THE TASK
Start at the line below containing "Dining Table 90x160" and stop at the line containing "Drawing depicting a". Repeat every line of that stretch exactly, and nothing outside it.

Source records
- - -
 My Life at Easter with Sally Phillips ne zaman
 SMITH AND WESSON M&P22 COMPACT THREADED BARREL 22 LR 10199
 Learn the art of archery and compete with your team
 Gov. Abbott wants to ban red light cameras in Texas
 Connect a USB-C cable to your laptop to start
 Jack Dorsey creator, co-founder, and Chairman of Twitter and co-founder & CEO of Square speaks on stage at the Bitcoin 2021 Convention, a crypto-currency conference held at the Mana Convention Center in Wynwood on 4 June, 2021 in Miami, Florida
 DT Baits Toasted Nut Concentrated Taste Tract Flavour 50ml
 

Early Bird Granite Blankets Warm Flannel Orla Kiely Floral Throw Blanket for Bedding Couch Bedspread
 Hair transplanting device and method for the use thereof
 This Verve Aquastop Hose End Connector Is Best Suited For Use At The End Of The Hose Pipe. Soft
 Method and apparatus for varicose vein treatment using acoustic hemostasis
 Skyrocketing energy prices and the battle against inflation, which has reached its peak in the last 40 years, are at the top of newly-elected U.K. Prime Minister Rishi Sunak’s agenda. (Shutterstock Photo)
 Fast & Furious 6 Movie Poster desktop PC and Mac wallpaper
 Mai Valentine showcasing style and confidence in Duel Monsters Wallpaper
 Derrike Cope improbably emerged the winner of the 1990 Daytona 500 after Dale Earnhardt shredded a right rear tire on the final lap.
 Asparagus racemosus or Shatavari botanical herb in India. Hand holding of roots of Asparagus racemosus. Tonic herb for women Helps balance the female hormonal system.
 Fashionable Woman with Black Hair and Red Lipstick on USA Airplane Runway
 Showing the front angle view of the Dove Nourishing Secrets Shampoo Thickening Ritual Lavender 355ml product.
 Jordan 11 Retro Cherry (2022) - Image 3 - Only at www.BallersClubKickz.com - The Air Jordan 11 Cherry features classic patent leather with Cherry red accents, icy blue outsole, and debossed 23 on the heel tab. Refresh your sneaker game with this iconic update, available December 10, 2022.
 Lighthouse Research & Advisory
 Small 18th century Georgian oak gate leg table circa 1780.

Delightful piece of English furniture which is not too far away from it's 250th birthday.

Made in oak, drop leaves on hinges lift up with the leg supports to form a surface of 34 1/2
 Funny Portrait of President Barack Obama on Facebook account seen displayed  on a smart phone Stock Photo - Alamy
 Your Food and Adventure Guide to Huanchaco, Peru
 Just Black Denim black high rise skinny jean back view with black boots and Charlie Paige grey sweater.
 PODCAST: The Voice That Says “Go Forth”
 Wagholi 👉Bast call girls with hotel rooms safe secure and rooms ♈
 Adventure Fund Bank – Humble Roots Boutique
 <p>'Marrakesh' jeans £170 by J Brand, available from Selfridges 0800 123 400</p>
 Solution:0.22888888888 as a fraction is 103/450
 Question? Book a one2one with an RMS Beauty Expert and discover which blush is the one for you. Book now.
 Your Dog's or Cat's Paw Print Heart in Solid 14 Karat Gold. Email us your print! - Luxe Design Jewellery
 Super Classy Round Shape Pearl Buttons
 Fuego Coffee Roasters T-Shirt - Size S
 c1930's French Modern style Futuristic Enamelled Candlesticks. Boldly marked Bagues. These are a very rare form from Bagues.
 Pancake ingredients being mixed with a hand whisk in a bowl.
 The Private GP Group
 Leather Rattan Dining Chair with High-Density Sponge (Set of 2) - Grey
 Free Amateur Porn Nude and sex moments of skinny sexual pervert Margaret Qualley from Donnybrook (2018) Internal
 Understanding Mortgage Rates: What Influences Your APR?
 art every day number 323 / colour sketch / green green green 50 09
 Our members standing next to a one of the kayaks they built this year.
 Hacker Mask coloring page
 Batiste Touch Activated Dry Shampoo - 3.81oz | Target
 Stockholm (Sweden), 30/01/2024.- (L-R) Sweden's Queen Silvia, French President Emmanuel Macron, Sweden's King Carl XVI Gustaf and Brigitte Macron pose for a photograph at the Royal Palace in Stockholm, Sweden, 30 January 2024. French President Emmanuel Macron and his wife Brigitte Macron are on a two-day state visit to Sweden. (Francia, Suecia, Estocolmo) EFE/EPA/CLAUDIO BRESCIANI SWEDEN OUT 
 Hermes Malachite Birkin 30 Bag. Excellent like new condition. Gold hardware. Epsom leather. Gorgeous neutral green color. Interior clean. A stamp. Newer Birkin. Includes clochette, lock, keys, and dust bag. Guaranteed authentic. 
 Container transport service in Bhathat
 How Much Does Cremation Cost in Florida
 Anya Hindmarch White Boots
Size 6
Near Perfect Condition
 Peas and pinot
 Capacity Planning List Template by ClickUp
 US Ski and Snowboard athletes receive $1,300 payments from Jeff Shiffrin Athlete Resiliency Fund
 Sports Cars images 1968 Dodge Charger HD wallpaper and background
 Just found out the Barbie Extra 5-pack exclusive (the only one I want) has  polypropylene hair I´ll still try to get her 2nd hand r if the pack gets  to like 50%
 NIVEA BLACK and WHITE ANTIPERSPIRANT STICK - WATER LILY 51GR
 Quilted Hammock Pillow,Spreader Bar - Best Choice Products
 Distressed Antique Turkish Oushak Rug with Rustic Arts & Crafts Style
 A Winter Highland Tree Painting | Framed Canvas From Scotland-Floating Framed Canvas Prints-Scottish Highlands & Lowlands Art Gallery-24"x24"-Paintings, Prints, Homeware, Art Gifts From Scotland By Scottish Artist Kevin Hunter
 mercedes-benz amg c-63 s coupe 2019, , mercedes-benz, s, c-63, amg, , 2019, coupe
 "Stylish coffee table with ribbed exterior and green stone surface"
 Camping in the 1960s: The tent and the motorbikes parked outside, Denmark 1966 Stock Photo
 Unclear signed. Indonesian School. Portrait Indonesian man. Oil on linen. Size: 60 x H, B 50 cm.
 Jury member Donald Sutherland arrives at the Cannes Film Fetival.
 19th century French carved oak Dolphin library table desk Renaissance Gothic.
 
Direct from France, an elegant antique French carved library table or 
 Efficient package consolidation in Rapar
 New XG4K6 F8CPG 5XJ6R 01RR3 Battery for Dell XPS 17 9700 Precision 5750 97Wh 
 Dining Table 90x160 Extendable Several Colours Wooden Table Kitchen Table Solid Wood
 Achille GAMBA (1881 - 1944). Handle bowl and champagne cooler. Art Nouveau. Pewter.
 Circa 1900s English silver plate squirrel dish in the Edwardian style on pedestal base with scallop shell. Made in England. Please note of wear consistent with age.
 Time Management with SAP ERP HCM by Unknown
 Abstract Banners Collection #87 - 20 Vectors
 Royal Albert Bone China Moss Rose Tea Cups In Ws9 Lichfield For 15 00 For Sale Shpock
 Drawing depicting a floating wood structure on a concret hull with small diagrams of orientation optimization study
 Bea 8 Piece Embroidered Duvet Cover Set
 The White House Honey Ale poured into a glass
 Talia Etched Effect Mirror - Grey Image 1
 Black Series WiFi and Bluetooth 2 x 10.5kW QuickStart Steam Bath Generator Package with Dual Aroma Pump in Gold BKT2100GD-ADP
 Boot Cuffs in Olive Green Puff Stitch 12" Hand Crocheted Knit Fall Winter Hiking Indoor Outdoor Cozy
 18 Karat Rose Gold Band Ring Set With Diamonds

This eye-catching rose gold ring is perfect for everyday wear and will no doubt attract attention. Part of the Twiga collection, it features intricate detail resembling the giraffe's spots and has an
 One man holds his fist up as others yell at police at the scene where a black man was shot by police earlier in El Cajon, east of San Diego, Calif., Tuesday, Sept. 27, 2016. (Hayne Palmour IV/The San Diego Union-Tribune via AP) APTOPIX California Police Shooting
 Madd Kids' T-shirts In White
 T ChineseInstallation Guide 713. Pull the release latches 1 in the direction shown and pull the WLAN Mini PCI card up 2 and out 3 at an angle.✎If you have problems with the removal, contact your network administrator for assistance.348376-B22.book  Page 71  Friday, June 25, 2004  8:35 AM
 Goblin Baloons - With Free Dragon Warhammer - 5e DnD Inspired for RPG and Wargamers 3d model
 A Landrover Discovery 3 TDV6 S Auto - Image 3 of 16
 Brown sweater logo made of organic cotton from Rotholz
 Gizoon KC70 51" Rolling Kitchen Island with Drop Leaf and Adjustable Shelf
- - -
WRITTEN ANSWER
 Dining Table 90x160 Extendable Several Colours Wooden Table Kitchen Table Solid Wood
 Achille GAMBA (1881 - 1944). Handle bowl and champagne cooler. Art Nouveau. Pewter.
 Circa 1900s English silver plate squirrel dish in the Edwardian style on pedestal base with scallop shell. Made in England. Please note of wear consistent with age.
 Time Management with SAP ERP HCM by Unknown
 Abstract Banners Collection #87 - 20 Vectors
 Royal Albert Bone China Moss Rose Tea Cups In Ws9 Lichfield For 15 00 For Sale Shpock
 Drawing depicting a floating wood structure on a concret hull with small diagrams of orientation optimization study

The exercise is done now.